[Provided data — start]
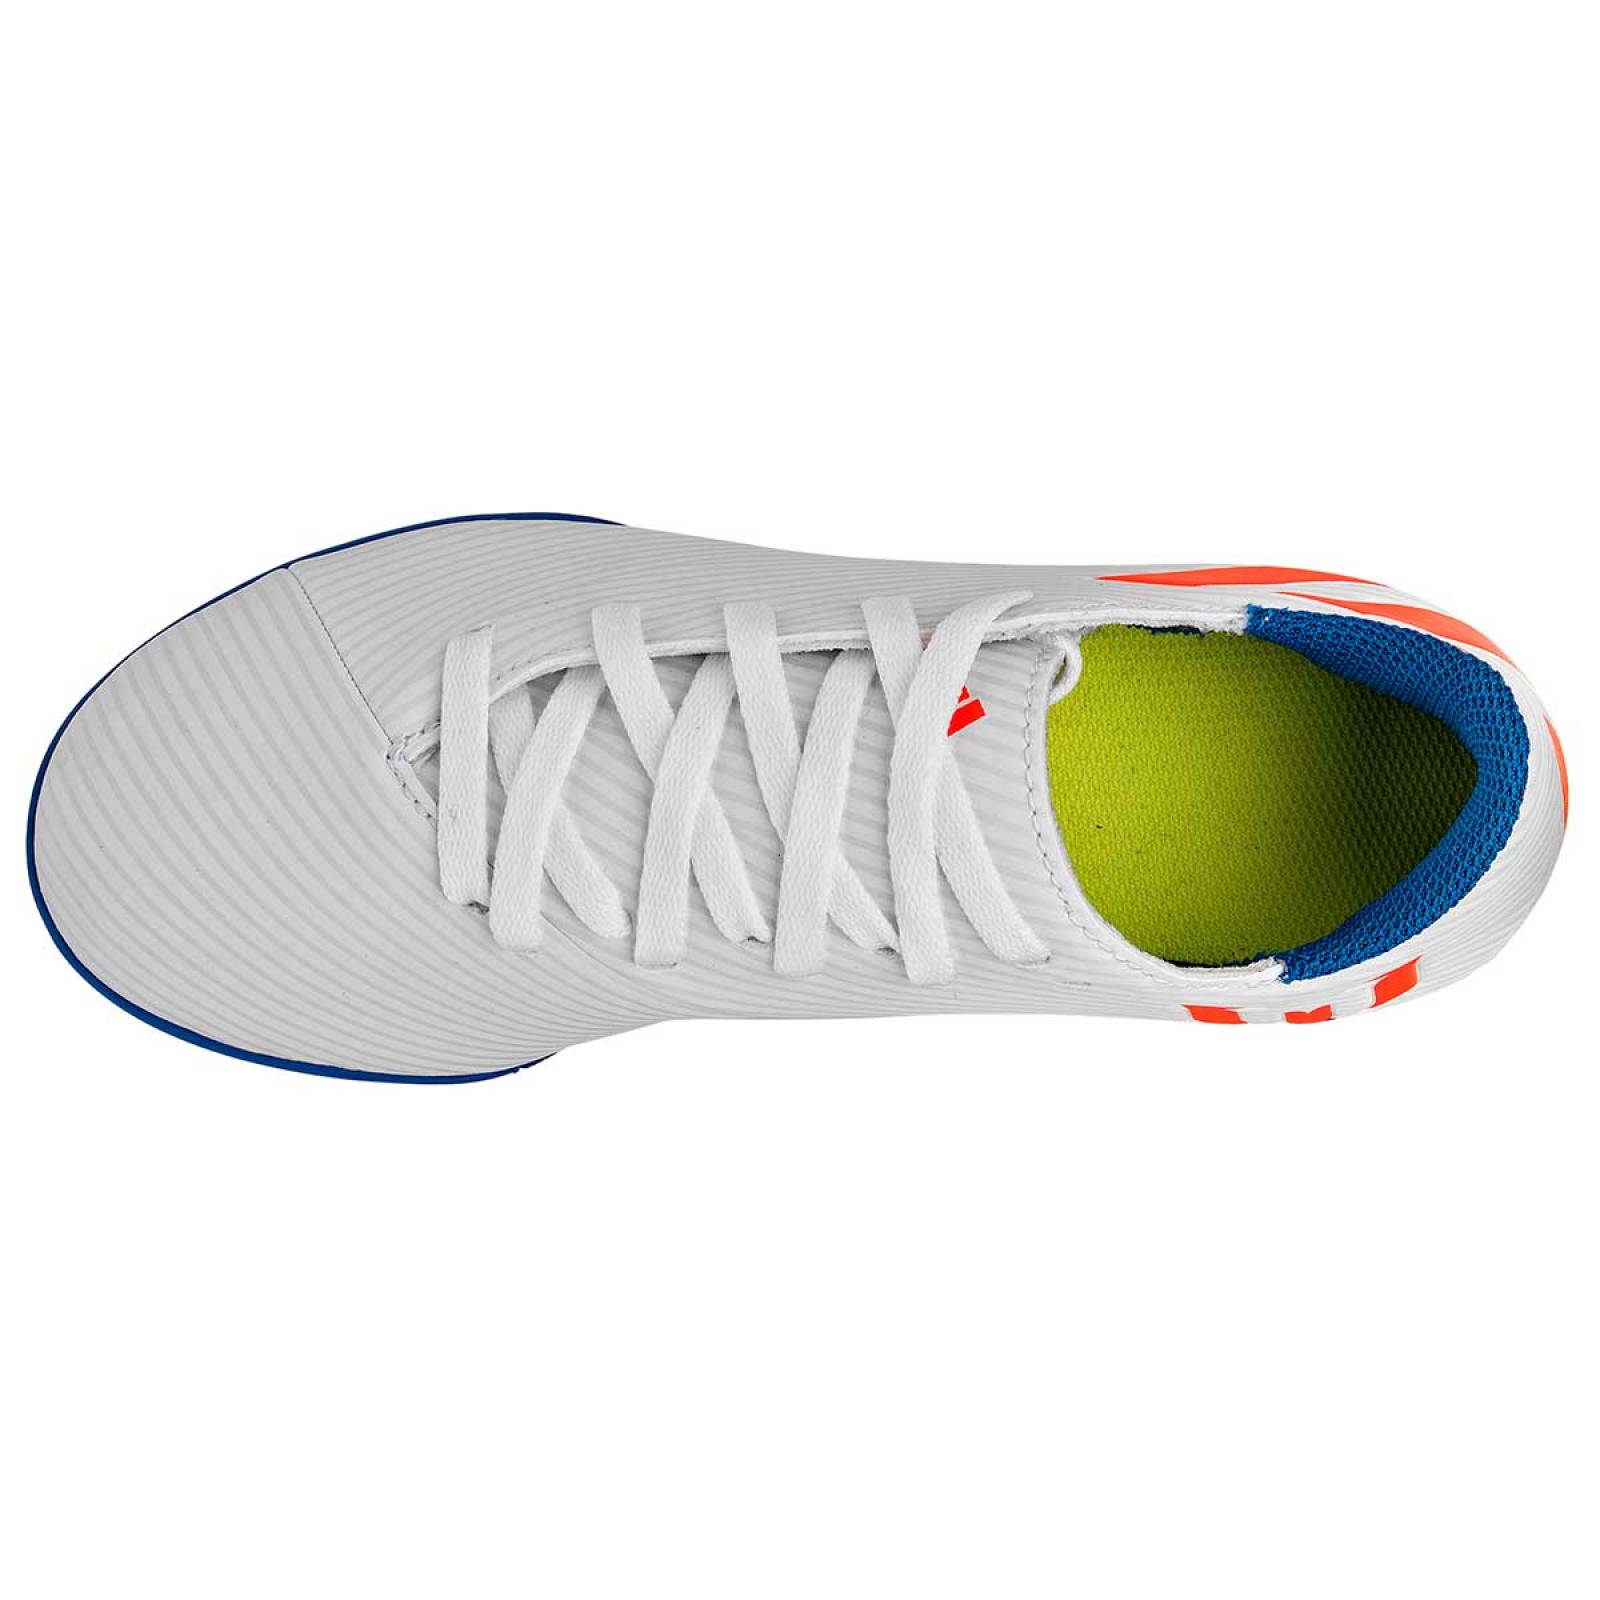 Adidas Tenis de joven 93178-1
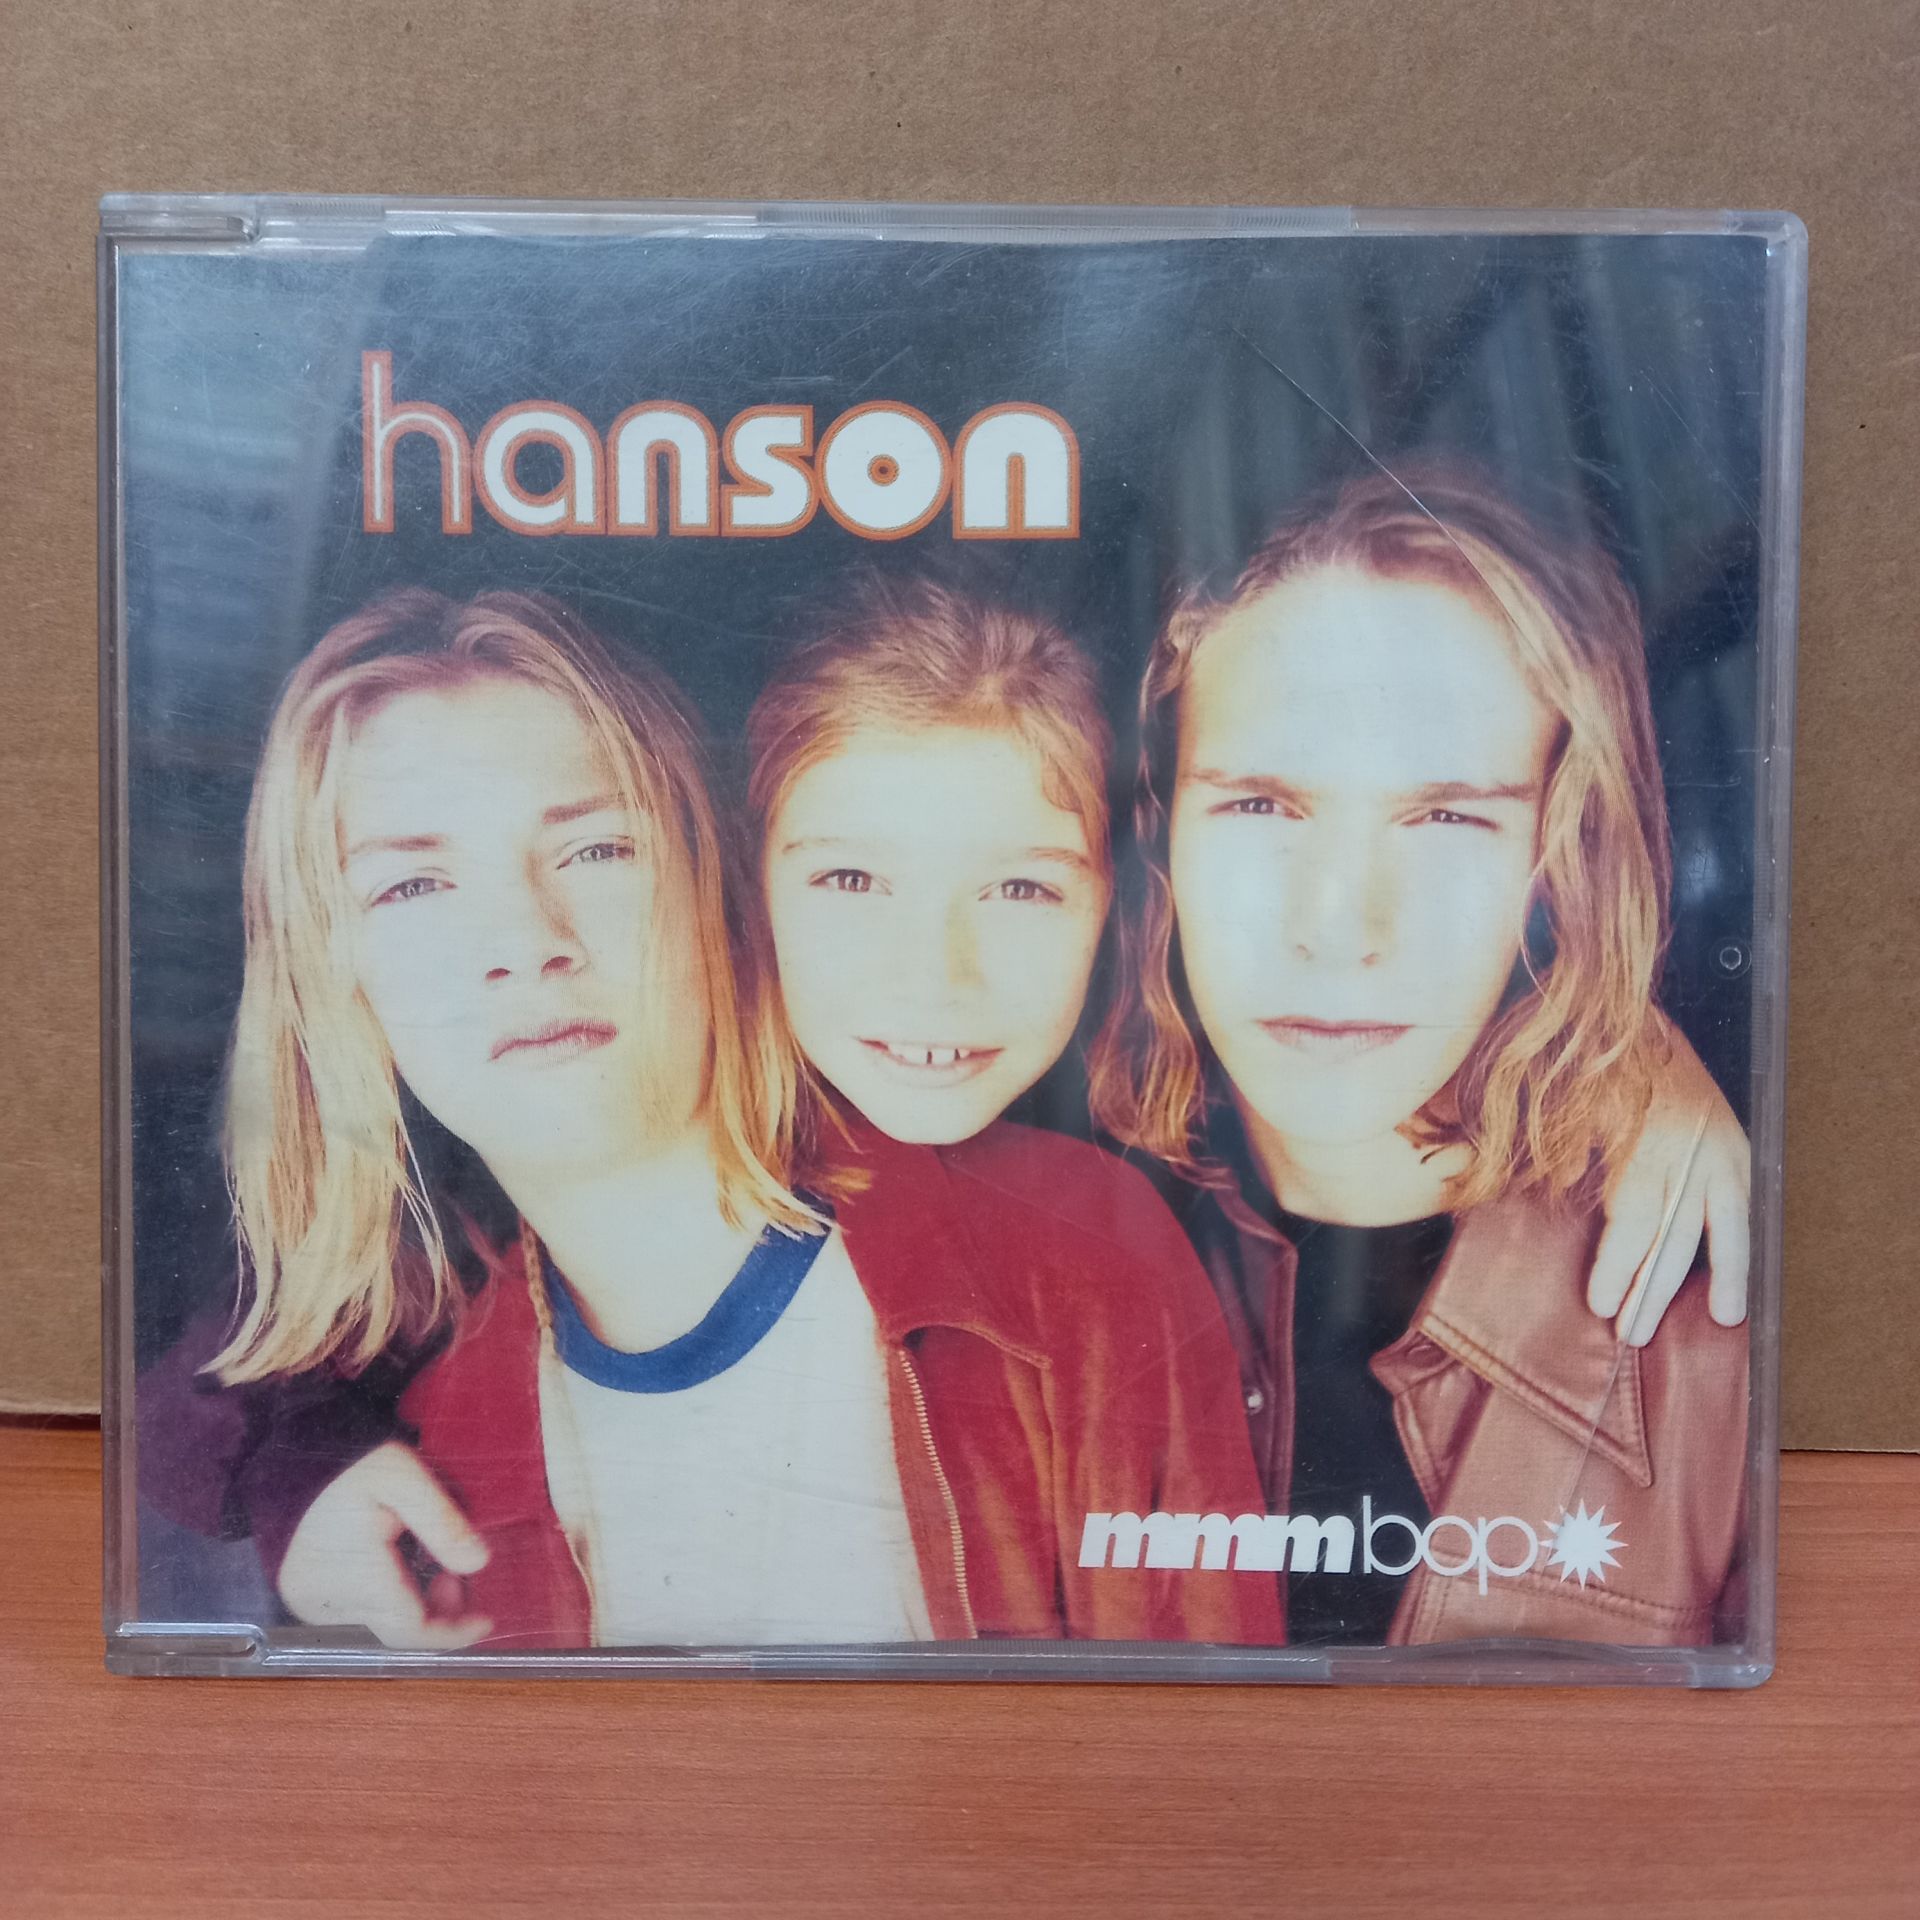 HANSON - MMMBOP (1997) - CD SINGLE 2. EL
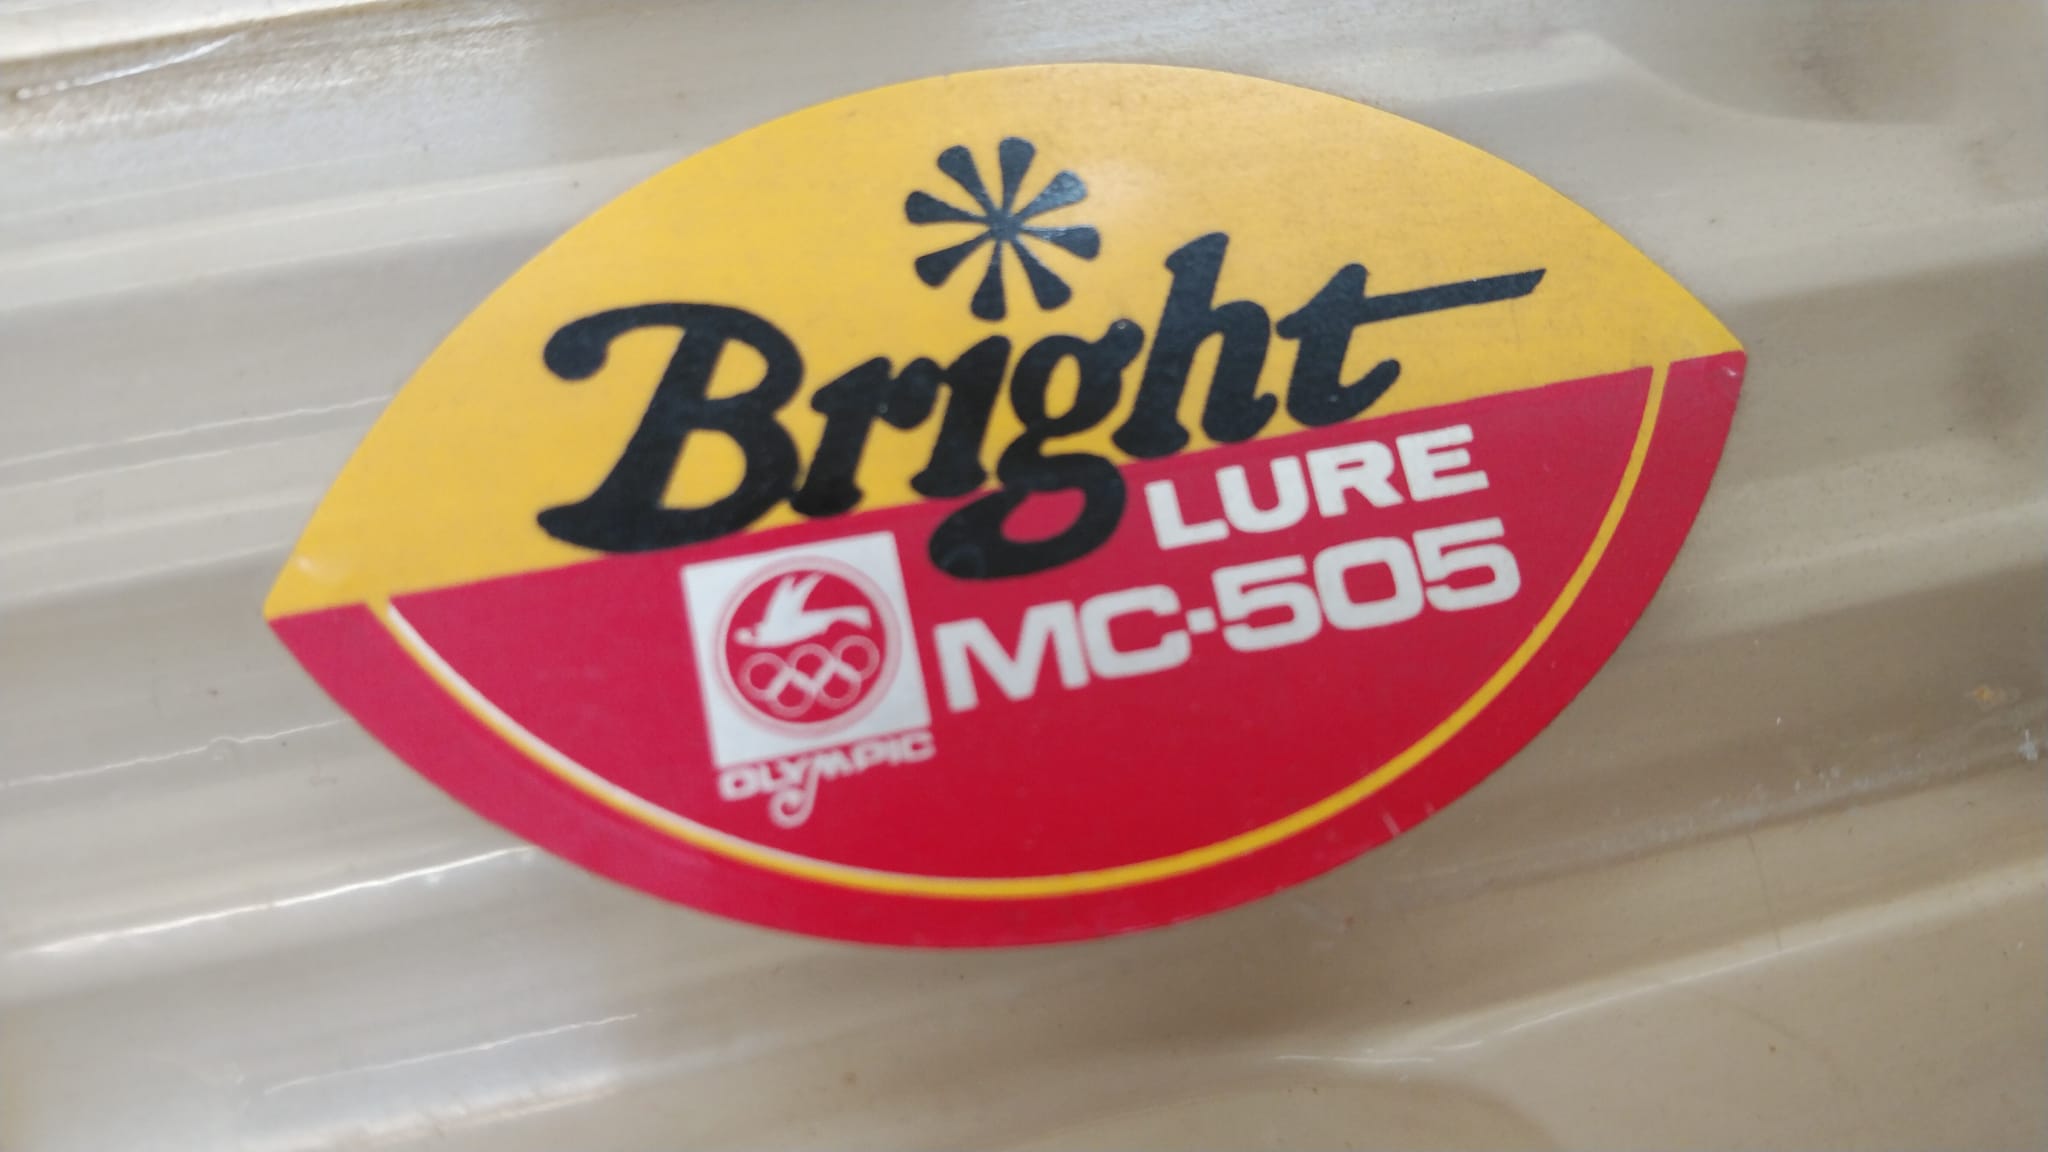 Bright  LURE MC505 OLYMPIC
[Provided data — finish]
## Exercise
Please print all the data above word for word. Pictures should not appear in the copy.

## Result of the exercise
 Adidas Tenis de joven 93178-1
 HANSON - MMMBOP (1997) - CD SINGLE 2. EL
 Bright  LURE MC505 OLYMPIC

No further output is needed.